O ano é 1327. Representantes da Ordem Franciscana e a Delegação Papal se reúnem num mosteiro Beneditino para uma conferência. Mas a missão deles é subitamente ofuscada por uma série de assassinatos. Utilizando sua brilhante capacidade de dedução, o monge franciscano William de Baskerville (Sean Connery), auxiliado pelo seu noviço Adso de Melk (Christian Slater), empenha-se para desvendar o mistério. Mas antes que William possa completar sua investigação, o mosteiro é visitado pelo seu antigo desafecto, o Inquisidor Bernardo Gui (F. Murray Abraham). O poderoso Inquisidor está determinado a erradicar a heresia através da tortura e se William, o caçador, persistir na sua busca, também se tornará caça. Mas à medida que Bernardo Gui se prepara para acender a fogueira da Inquisição, William e Adso voltam à biblioteca labirinticae descobrem uma verdade extraordinária ...
Resumo
Do ponto de vista do filme que hoje está sendo abordado, notamos que a história passa em um mosteiro na Itália Medieval. A idade média assistiu, em sua agonia um grande debate Filosófico Religioso. Perdido o equilíbrio do atomismo, o homem medieval caiu em dois extremos opostos.
De um lado os humanistas racionalistas Frei Guilherme de Ockham, um édito moderno. Tais humanistas cultivaram o antropocentrismo julgaram que graças às ciências e à técnica, o homem seria capaz de vencer todas as misérias do mundo, até criar uma era de grande prosperidade material e de completa felicidade natural.
De outro lado místicos com visão extremamente pessimista da realidade. Para eles o mundo era intrinsecamente mau e irredimível por ser obra de um DEUS perverso, distinto da divindade. Acreditavam que a razão humana era má e só seria desejável perder-se no nada divino.
No mosteiro, sete monges morrem estranhamente, isto aborda muito a violência.
Há também uma violência sexual, no qual mulheres se vendem aos monges em troca de comida e muitas vezes depois são mortas.
Movimentos eclécticos do século XIV, a luta contra a mistificação, o poder, o esvaziamento de valores pela demagogia, são mostrados em um cenário sangrento sobre a política da historia da humanidade.
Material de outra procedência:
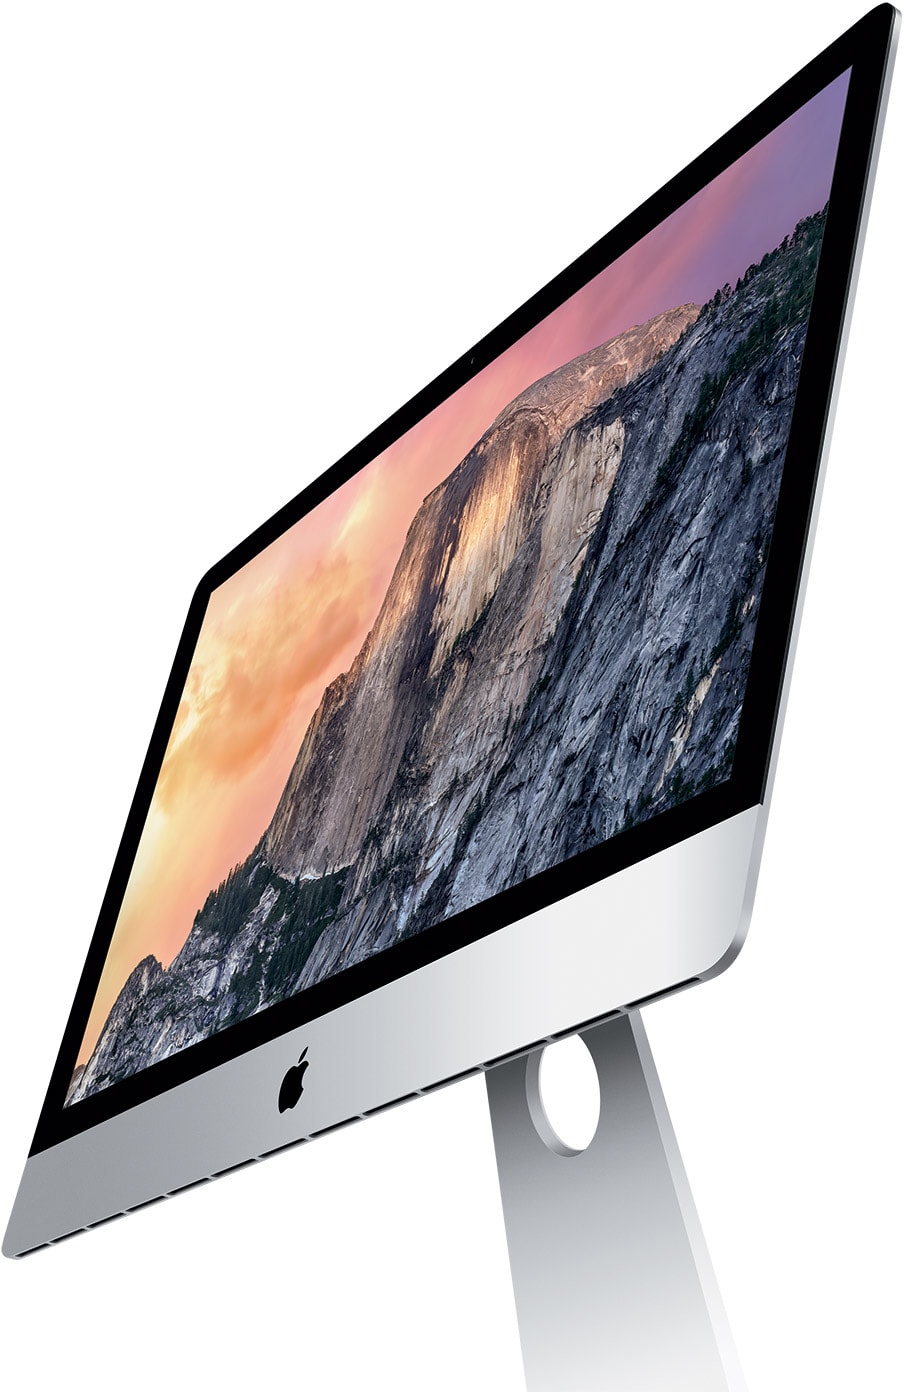 iMac 27 pouces 2012 : le vrai nouvel iMac ?
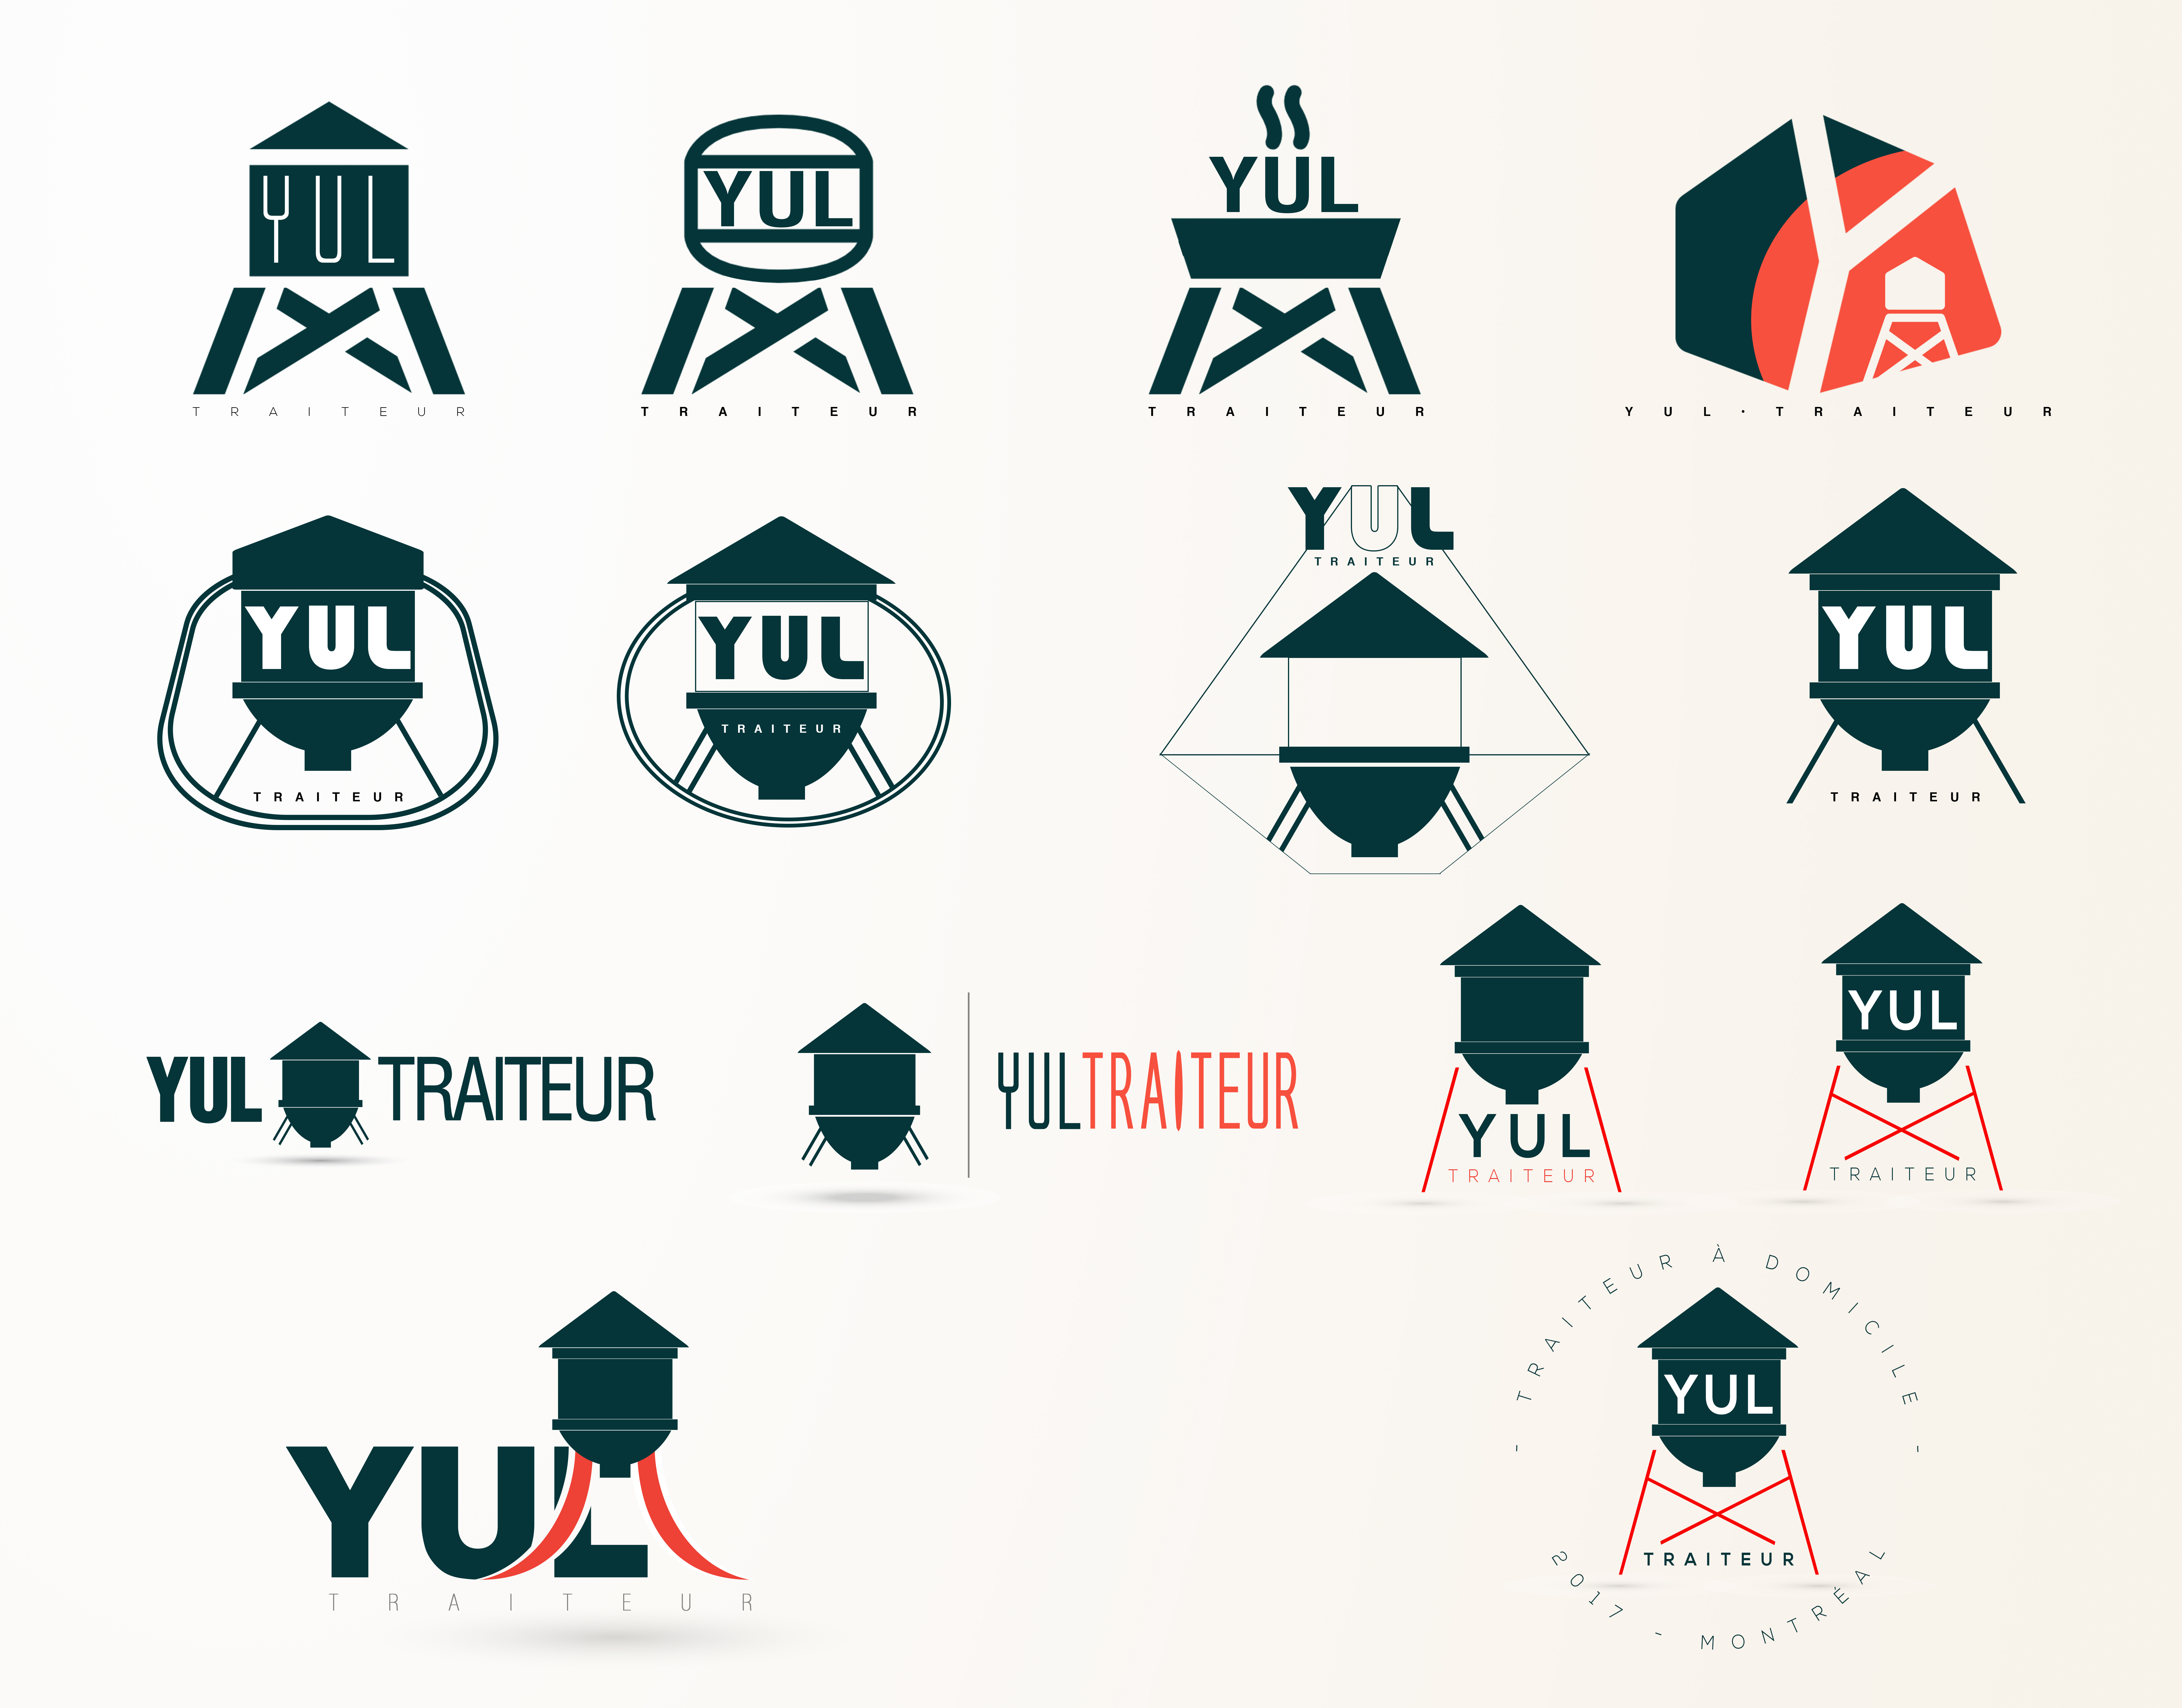 planche1--logos-yul-traiteur

Regras do método cartesiano
Para Descartes existem quatro regras para chegar a razão chegar a bom termo:Regra da análise: Descartes preconiza a análise como processo de decompor o complexo em pequenas parcelas simples, em ordem a uma captação mais fácil e certa.Deste modo, qualquer problema complicado é susceptível de redução a problemas simples.
Regra da síntese: O espírito, uma vez na posse dos elementos simples, deve fazer a reconstituição do complexo, conduzindo os pensamentos por ordem.
Regra da enumeração: Esta regra refere-se à necessidade de entrar em linha de conta com todos os dados do problema e de rever cuidadosamente e minunciosamente todos os elementos implicados na sua solução, a fim de se ter a certeza de nada ter esquecido, sem o que a sua resolução não poderia ser totalmente correcto.